### Dataset

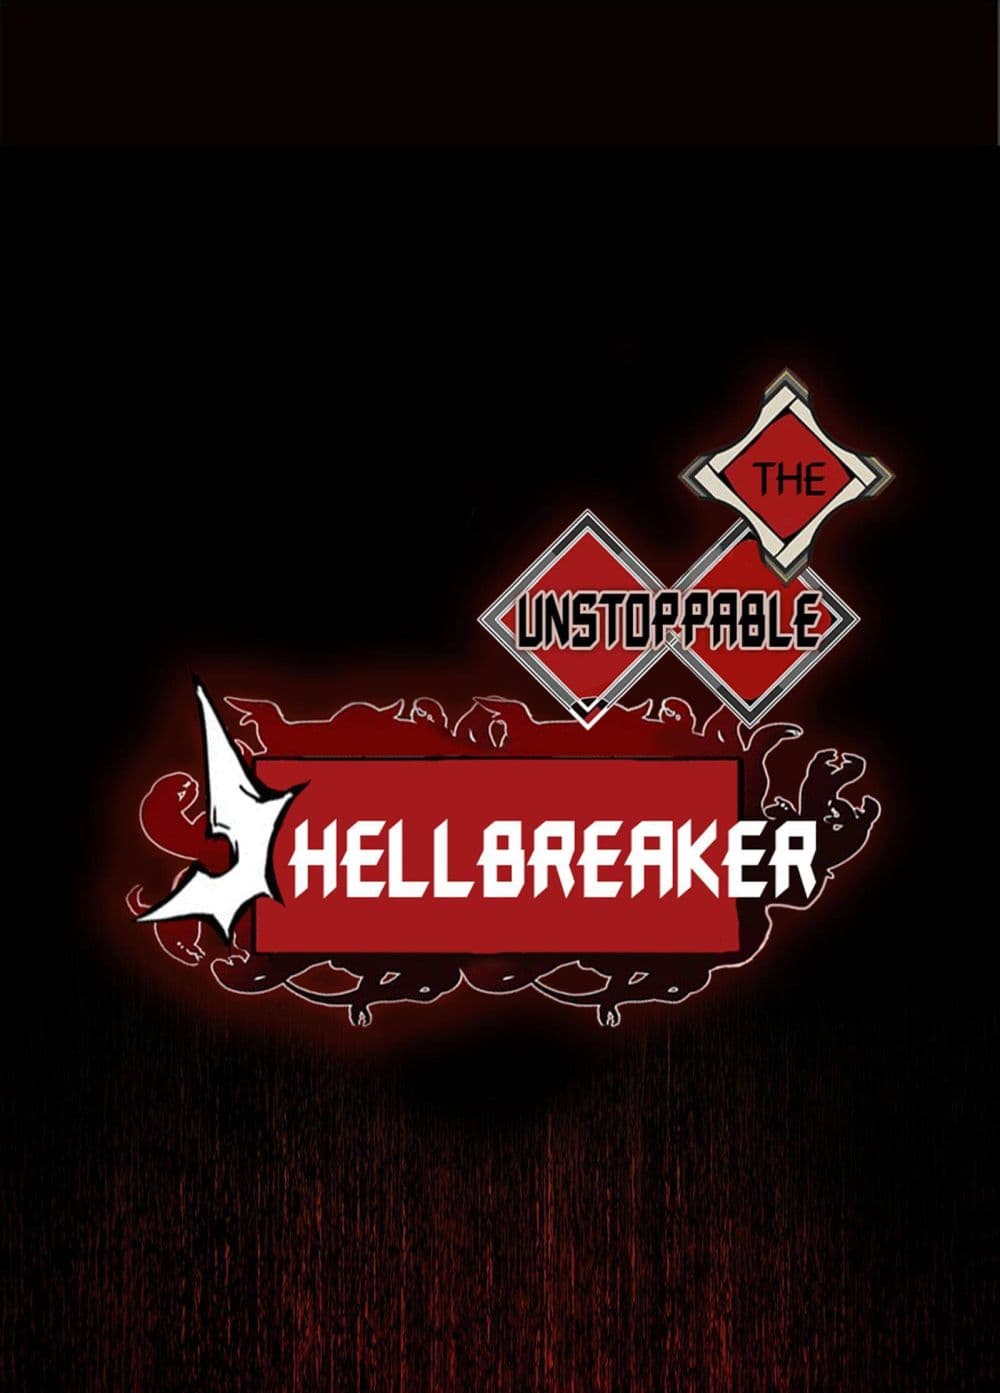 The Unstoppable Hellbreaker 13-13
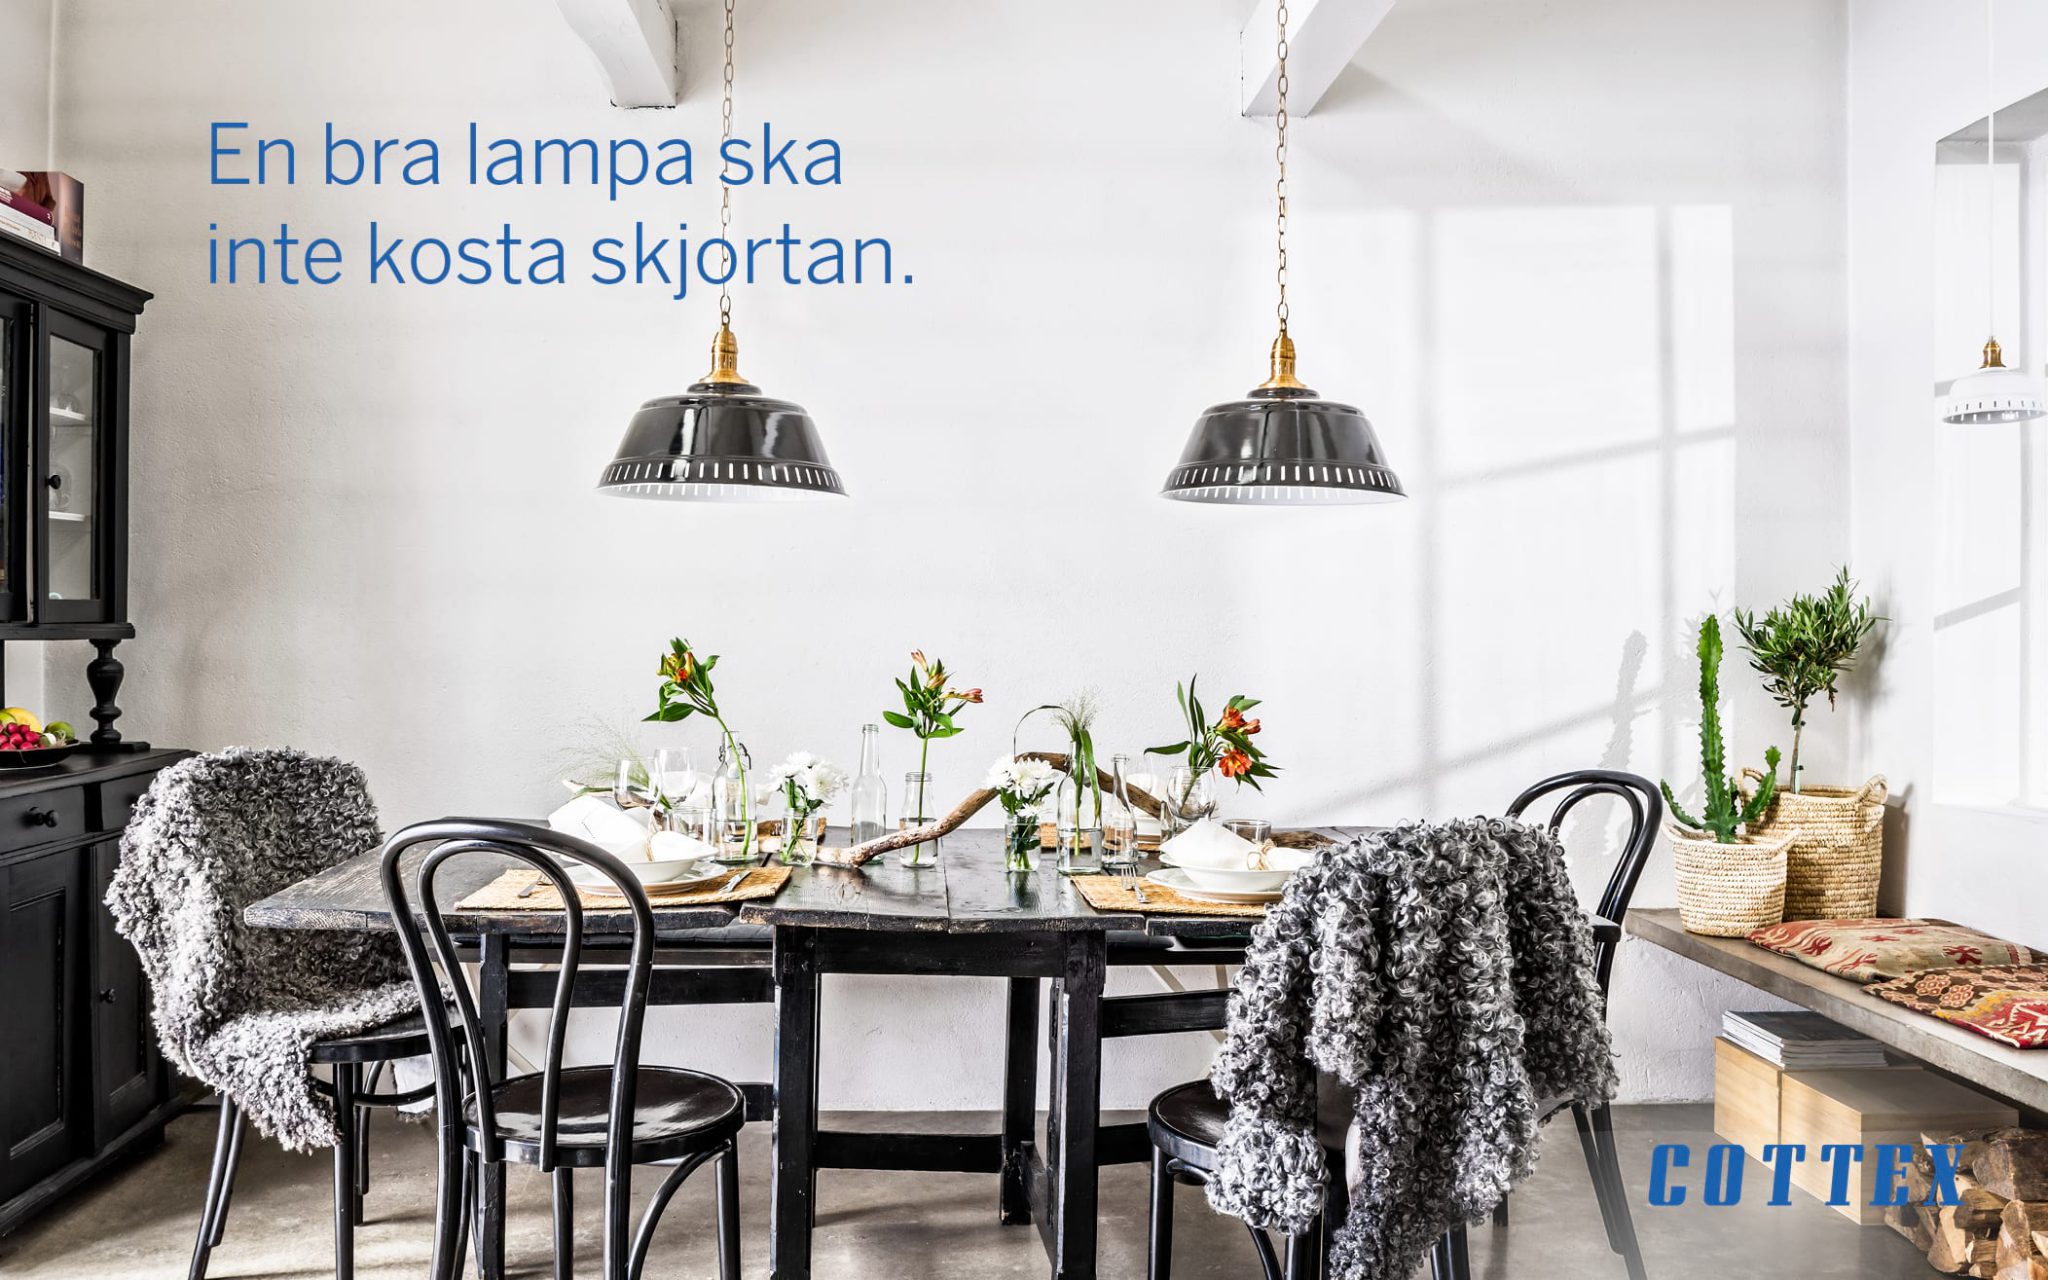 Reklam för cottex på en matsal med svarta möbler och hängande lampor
* * *
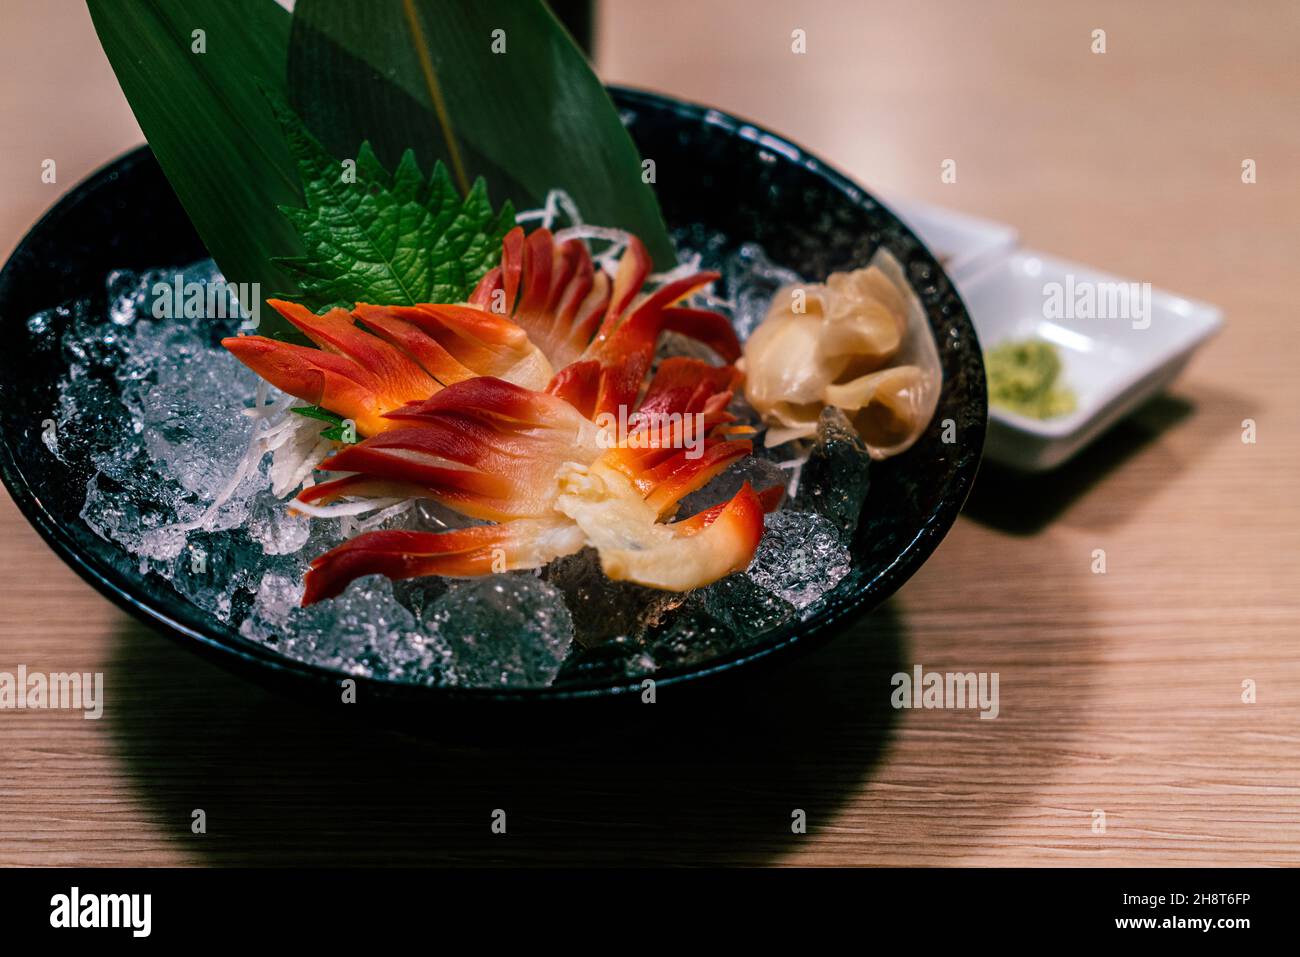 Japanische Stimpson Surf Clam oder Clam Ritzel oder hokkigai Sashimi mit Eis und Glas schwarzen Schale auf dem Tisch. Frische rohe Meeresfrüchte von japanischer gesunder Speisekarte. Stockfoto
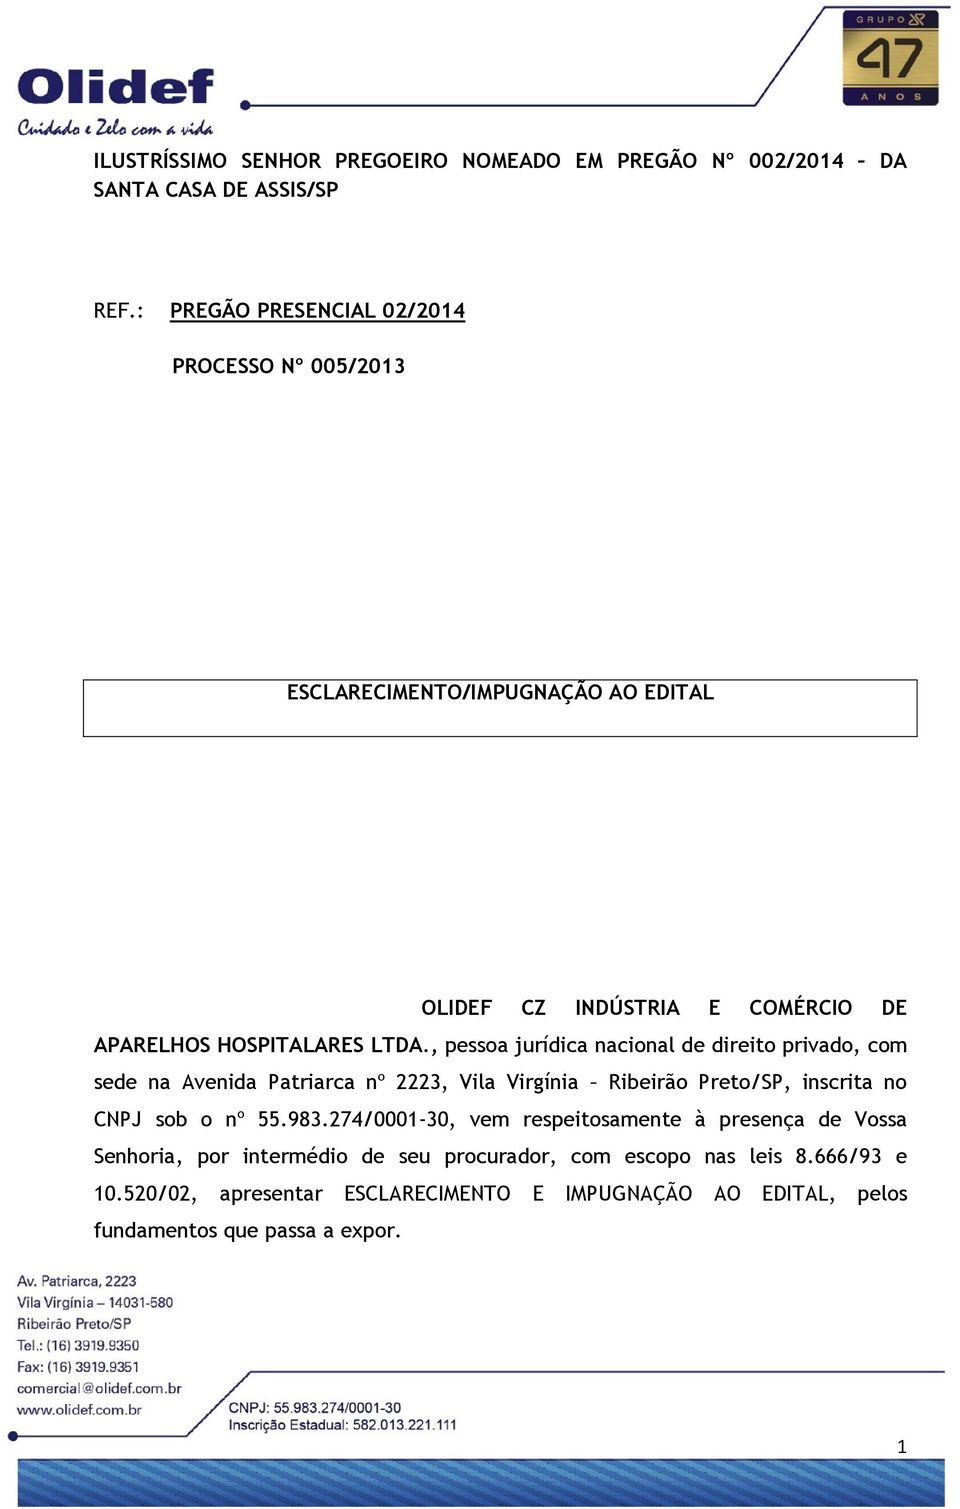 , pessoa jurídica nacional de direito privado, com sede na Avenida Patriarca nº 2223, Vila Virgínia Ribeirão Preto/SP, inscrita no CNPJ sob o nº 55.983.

### Work to be completed
Range to copy from the records above: the line containing "The Unstoppable Hellbreaker 13-13" to the line containing "Reklam för cottex", both included. Output those lines exactly and only those, skipping pictures.

### Exercise response
 The Unstoppable Hellbreaker 13-13
 Reklam för cottex på en matsal med svarta möbler och hängande lampor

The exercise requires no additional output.